The first preset time range may be a specific time period after the mobile terminal enters the active state. The second motion information of the mobile terminal in the first preset time range is time-varying motion information of the mobile terminal in the first preset time range, and may include acceleration information, angular velocity information, and the like.

According to some embodiments, the state verification operation may be performed based on a continuous plurality of first preset time ranges. Specifically, when it is determined that the state of the mobile terminal is not the stationary state according to the second motion information within the first preset time range, it may be determined whether the state of the mobile terminal is the stationary state within the next first preset time range after the first preset time range is ended, and so on until it is determined that the state of the mobile terminal is the stationary state or the state verification operation based on each of the first preset time ranges is completed.

According to some embodiments, determining the state of the mobile terminal according to the second motion information within the first preset time range based on the preset rule comprises: and determining that the state of the mobile terminal is a static state in response to the value of the second motion information being smaller than a preset threshold value in a first preset time range. Thus, whether the state of the mobile terminal is in a static state can be conveniently judged.

According to some embodiments, the method further comprises: for each of the at least one authentication operation, determining that the authentication operation failed in response to the authentication operation not being successful within a second predetermined time range, wherein the second predetermined time range is not less than the first predetermined time range when the at least one authentication operation includes a status authentication operation. Therefore, when the true intention of the user is judged not to be voice control, the mobile terminal sensor and the computing resource occupied by the verification operation can be released in time, and the waste of the resource of the mobile terminal is avoided.

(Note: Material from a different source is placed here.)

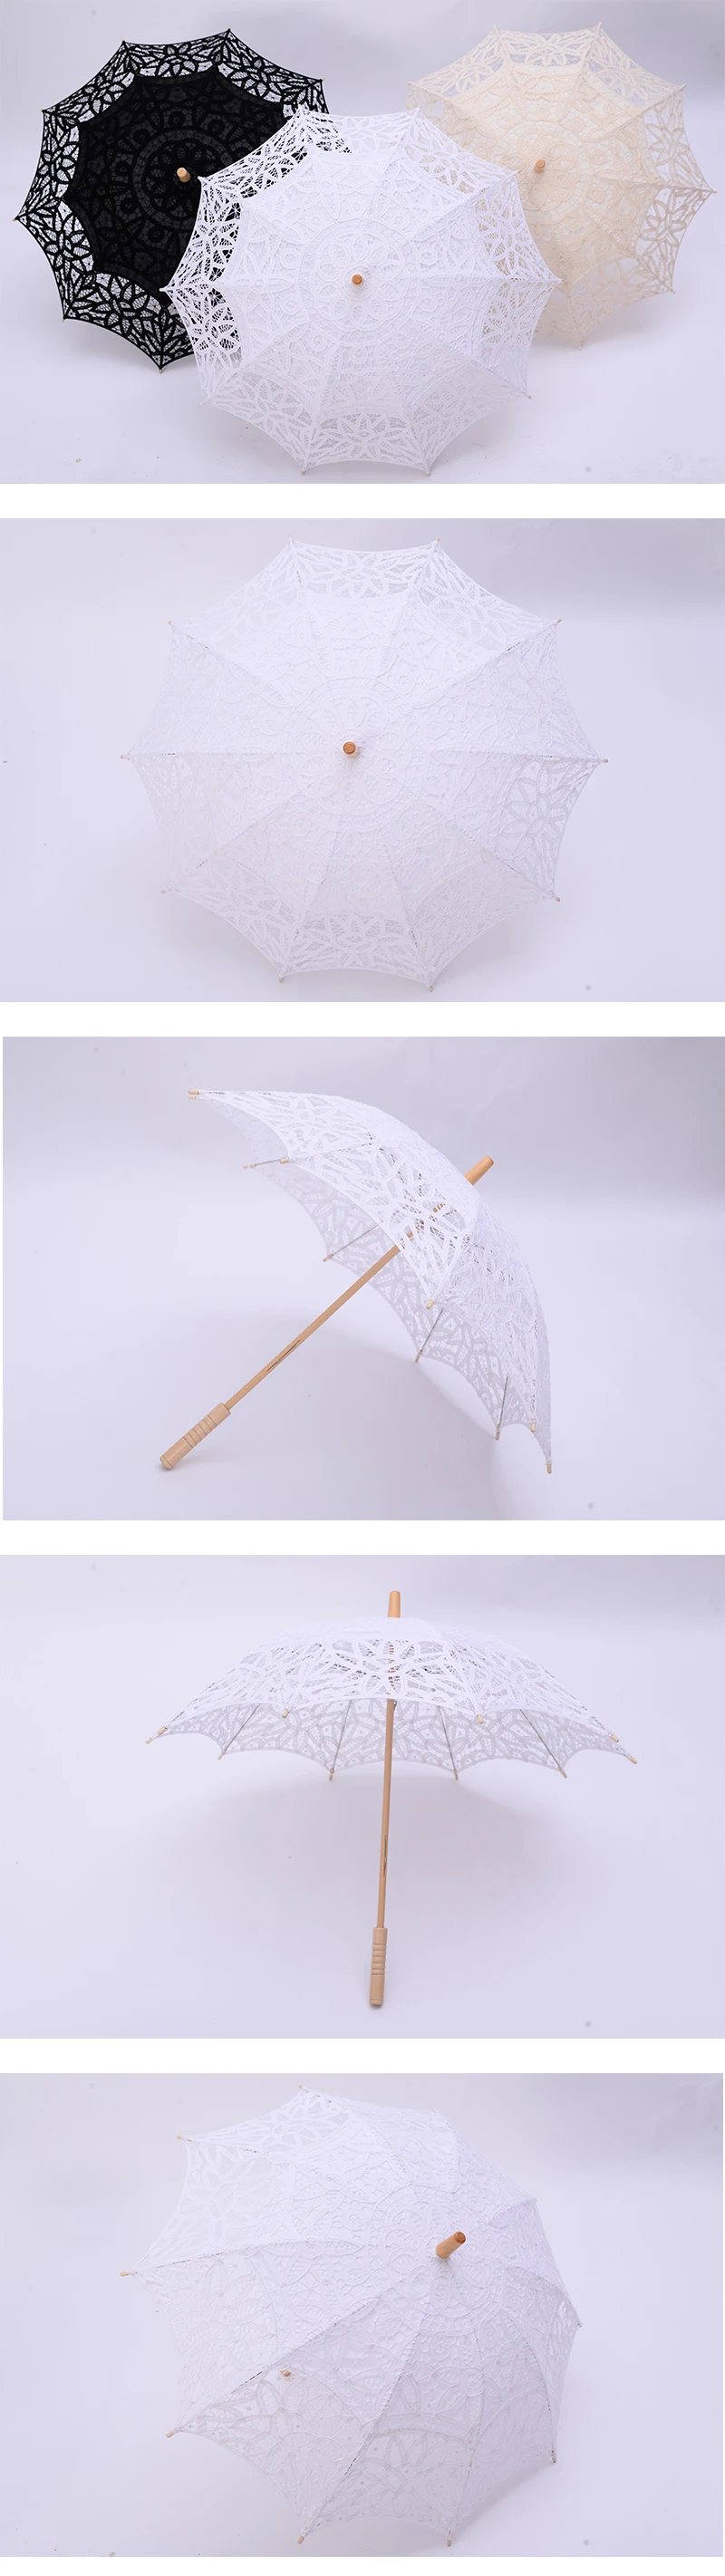 QUNYINGXIU ручной работы, Высококачественный кружевной зонтик с цветами, кружевной зонтик для фотосъемки, танцев, свадебного украшения, зонтик от солнца

For step S203, in response to each of the at least one authentication operations being successful, the voice transmission mode of the application running on the mobile terminal is switched.

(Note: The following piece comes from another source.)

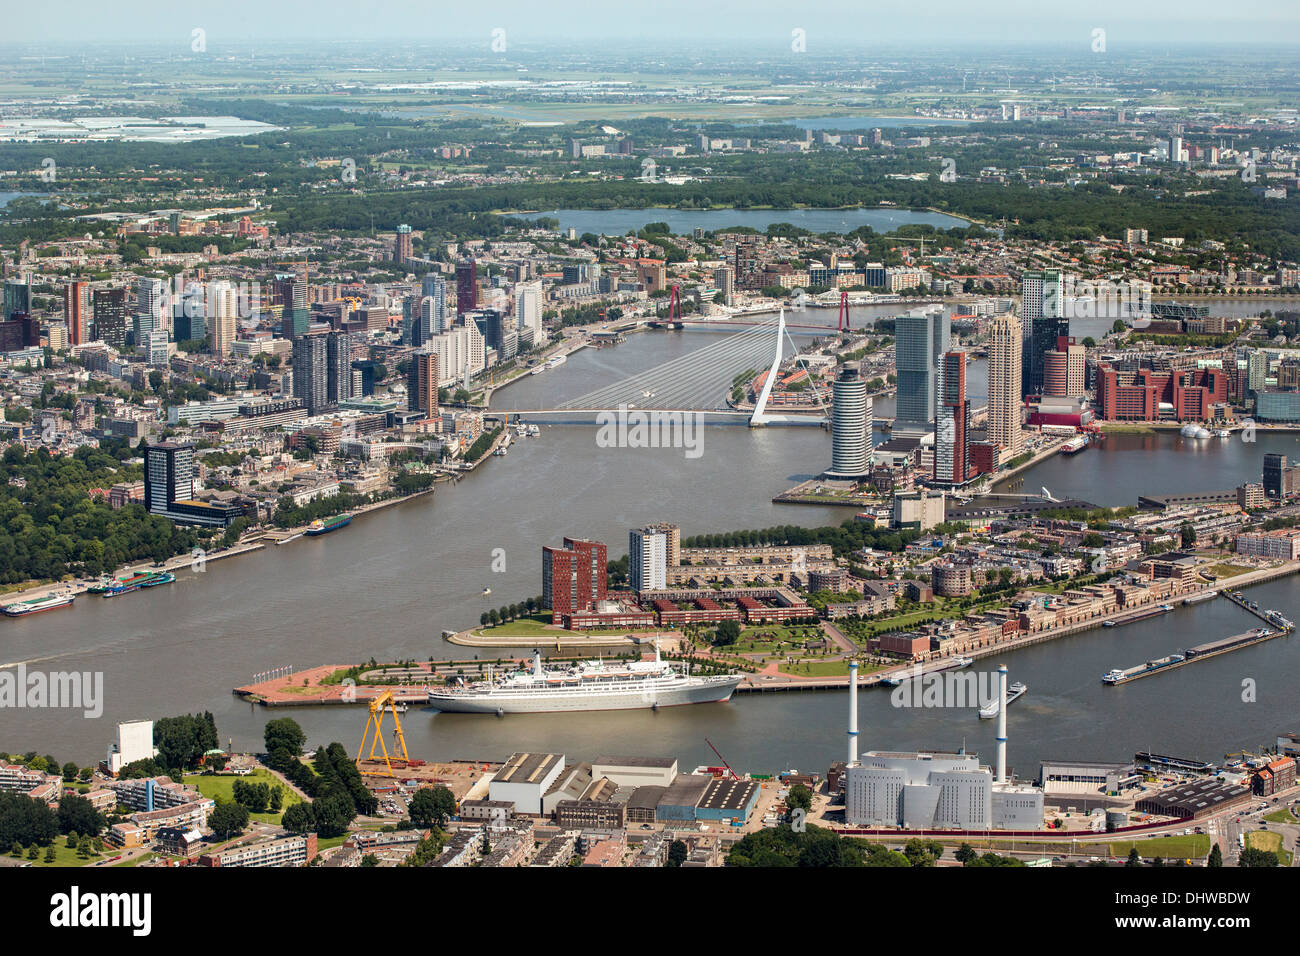 Niederlande, Rotterdam, Blick auf die Innenstadt. Vordergrund historische Schiff namens MS Rotterdam. Luftbild Stockfoto

Switching the voice transmission mode of the application program running on the mobile terminal may include turning on voice transmission, turning off voice transmission, changing a voice transmission mode, or the like.

According to some embodiments, the application may run in the background of the mobile terminal. Under the condition, the user can directly switch the voice transmission mode of the application program running in the background of the mobile terminal without switching the application program running in the background to the foreground for running, and then the voice transmission mode of the application program is switched, so that the operation of the user is facilitated.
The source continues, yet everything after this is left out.